Detecting the first signs of root aphids, especially when growing indoors, is crucial to saving your plants vegetating and fruiting abilities. At a certain point, usually sooner rather than later, affected plants and containers should be removed from the grow space completely and destroyed.

Waiting for fruits or flowers to mature in an attempt to save something of a crop is not advised. This only gives root aphids a chance to inoculate themselves into your entire grow area. It’s best to start over, sanitizing all containers and growing equipment that’s been used. Indoor growers should clean their entire grow space.

Outdoor plants:

  • Avoid introducing commercial grade soils, including bagged composts, that may contain aphids and their eggs. This is probably the most usual way that aphids have been spread to gardens throughout the country. Buy soil and compost from a reliable, local source, make your own.
  • Attract birds who will pick aphid eggs from trees and the ground.
  • Several types of parasitic wasps attack aphid eggs. Ladybugs will also predate aphids they find on the surface but not those burrowed in the soil.
  • Introduce beneficial nematodes (link below) into soil at the first sign of root aphid infestation or, better, in anticipation of them. Nematodes will attack a number of soil-borne pests yet are harmless to earthworms, pets, and humans. Make sure the soil is moist when applying nematodes.
  • Use AzaMax as a preventive treatment to keep aphids from feeding on roots. Because it’s slow acting, AzaMax is not a good choice for treating infestations, but can be effective, over time, for minor infestations.
  • Neem oil can help stop aphid infestations from growing, especially as crawlers move up stems.
  • Do not use insecticidal soaps to control soil-borne aphids. While they will kill crawlers moving up plant stems, they will do little to stop aphids in the soil and may harm your plants’ roots.
  • Pyrethrum-based sprays can be effective if used early enough in the infestation. Water lightly after applying to disperse this chrysanthemum-based botanical into the soil. Reapply every two weeks (eggs in soil may continue hatching) until plants regain vigor and all aphid sign disappears.
  • When removing infected plants, be careful not to drop soil or spread aphids into other parts of your garden. Put plants, roots and all, in a bucket, and take away with minimum disturbance. Removal, in conjunction with preventive spraying, may be your most effective form of control.

Indoor plants:

  • Avoid importing soil or other growing medium of unknown origin into your growing space. Many nursery plants, especially those from large, commercial growers, have been found to carry root aphids and their eggs into green houses.
  • Use yellow sticky traps across indoor grow spaces to discover signs of root aphids on the move.
  • Pay careful attention to your plants.

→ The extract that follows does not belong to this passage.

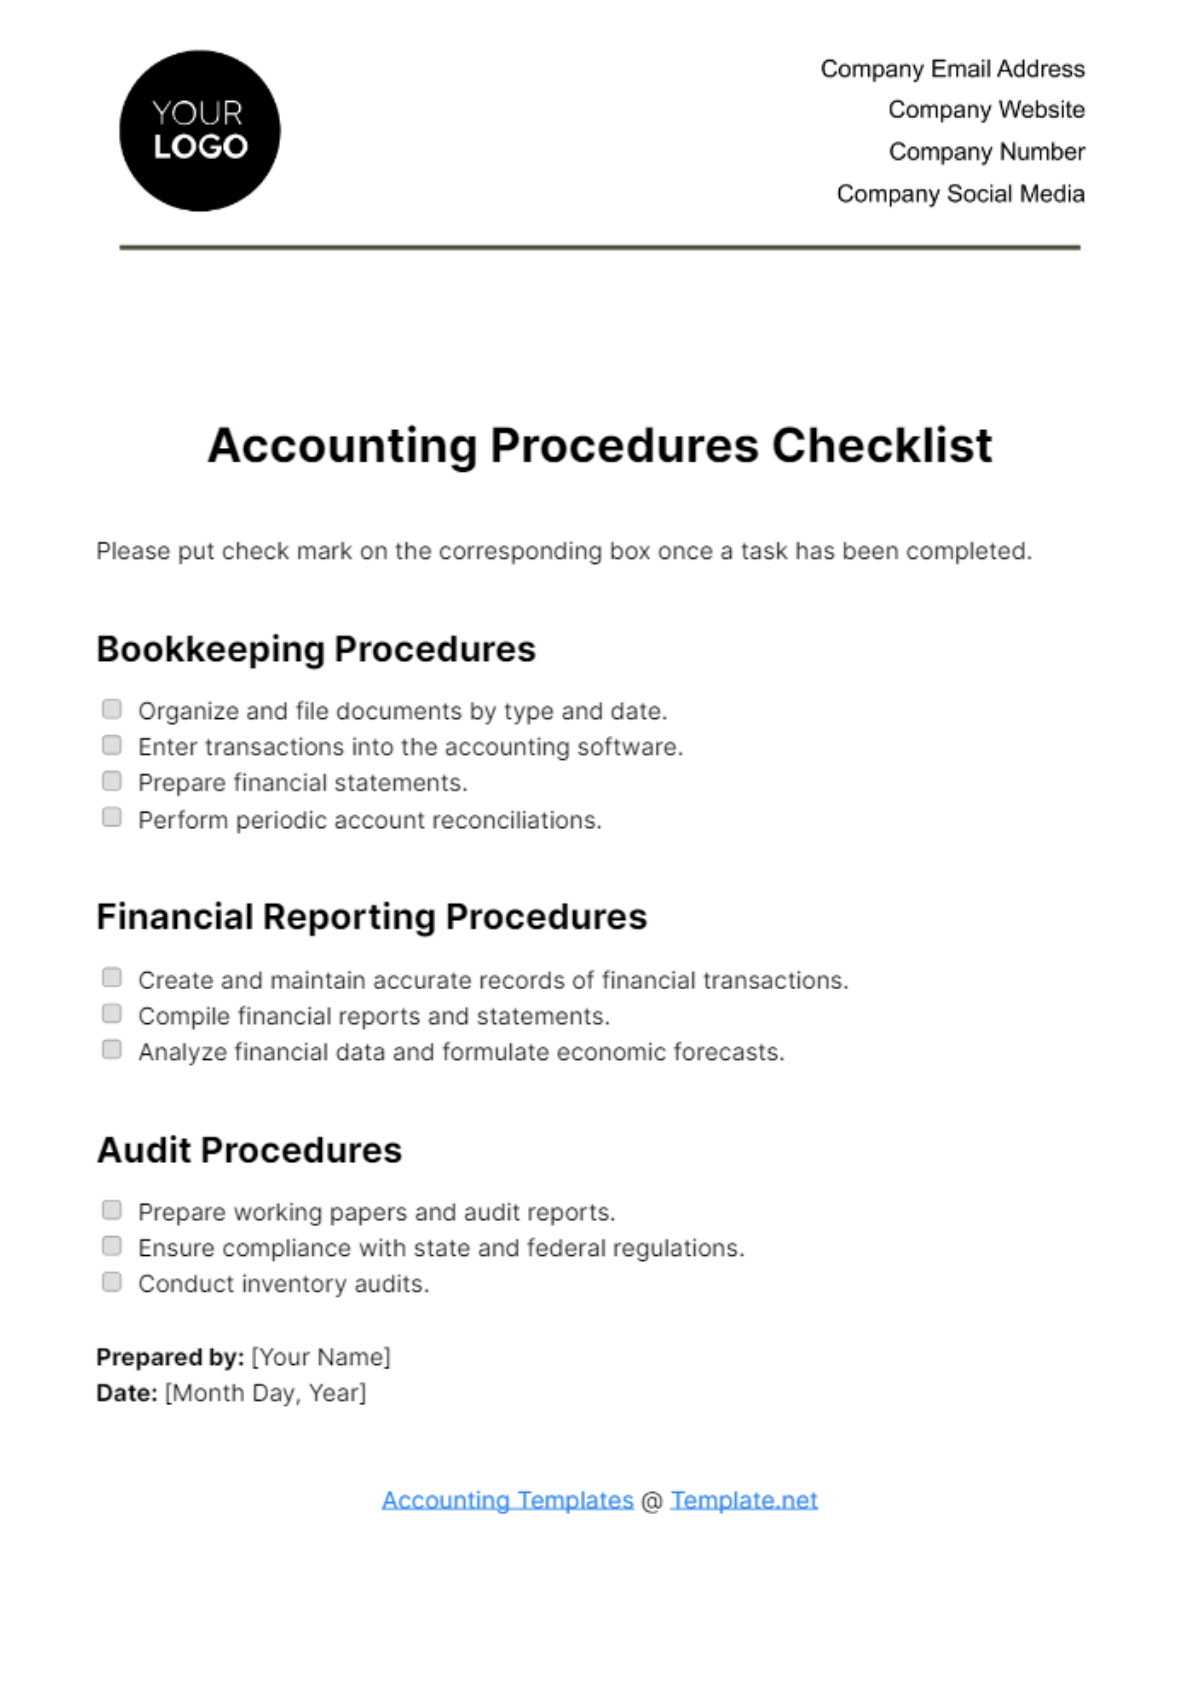 Accounting Procedures Checklist Template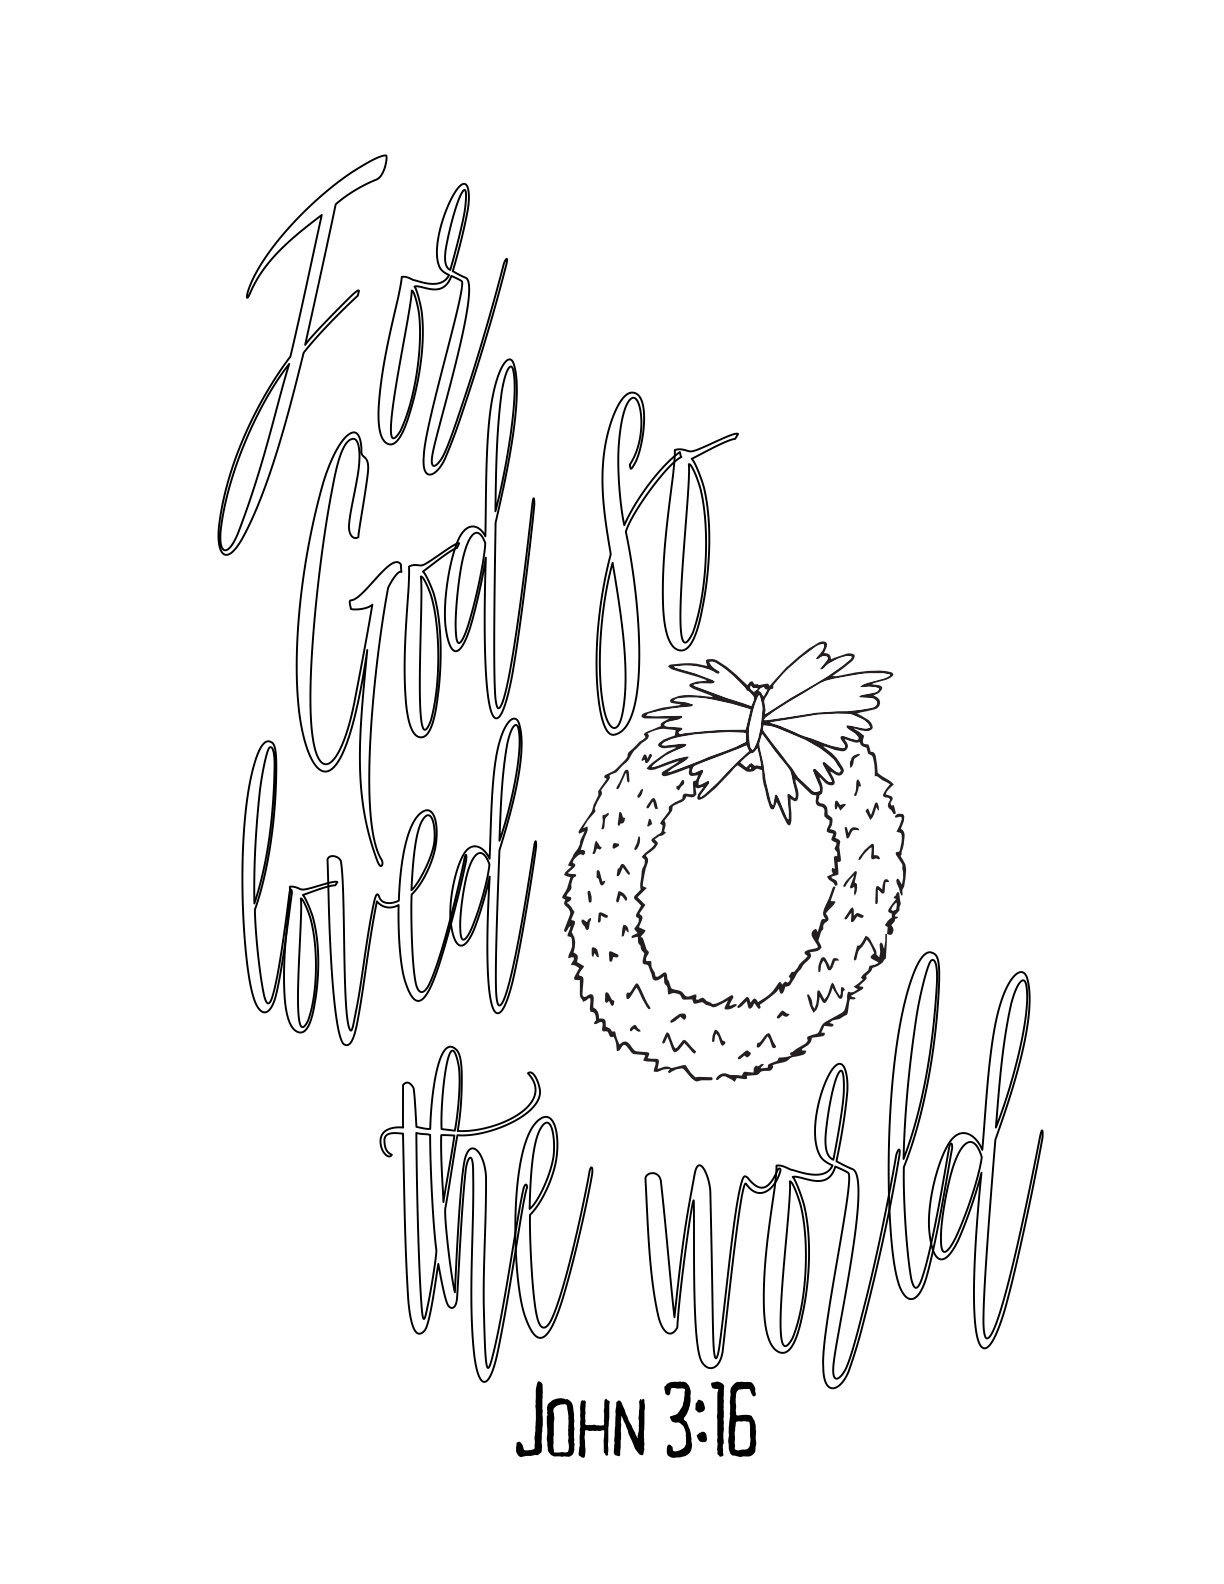 Free Simple Advent Coloring Page - For God So Loved The World - John 3:16CLICK HERE TO DOWNLOAD THIS FREE PRINTABLE CHRISTMAS COLORING PAGE

Roots that are visible in grow cups and other hydroponic methods should be periodically inspected. The small, usually white mite stage may be noticeable attached to the sides of grow cups, tanks and trays.
  • Beneficial nematodes introduced to hydroponic solutions at the first sign of infestation may slow the spread of root aphids.
  • With lights off, saturate the growing medium with a solution of Nuke Em (1 oz/ 31 oz water). Slowly pour near the plant stem into the soil and let stand for at least 1 hour — longer contact times are best. Rinse the media before turning lights back on.
  • BotaniGard ES is a highly effective biological insecticide containing Beauveria bassiana, an entomopathogenic fungus that attacks a long-list of troublesome crop pests – even resistant strains! Weekly applications can prevent insect population explosions and provide protection equal to or better than conventional chemical pesticides.
  • When treating aphids in various indoor growing mediums, complete and thorough coverage of infected areas is critical to control. Submerge infested grow cups and root balls completely in a pyrethrum concentrate for a half-minute or more, gently swirling roots and medium to insure complete saturation.
  • Remove badly infested plants. No orchid, no herb or flowering perennial is worth risking your other plants and the health of your entire grow space in an attempt to wait out harvest on an affected plant.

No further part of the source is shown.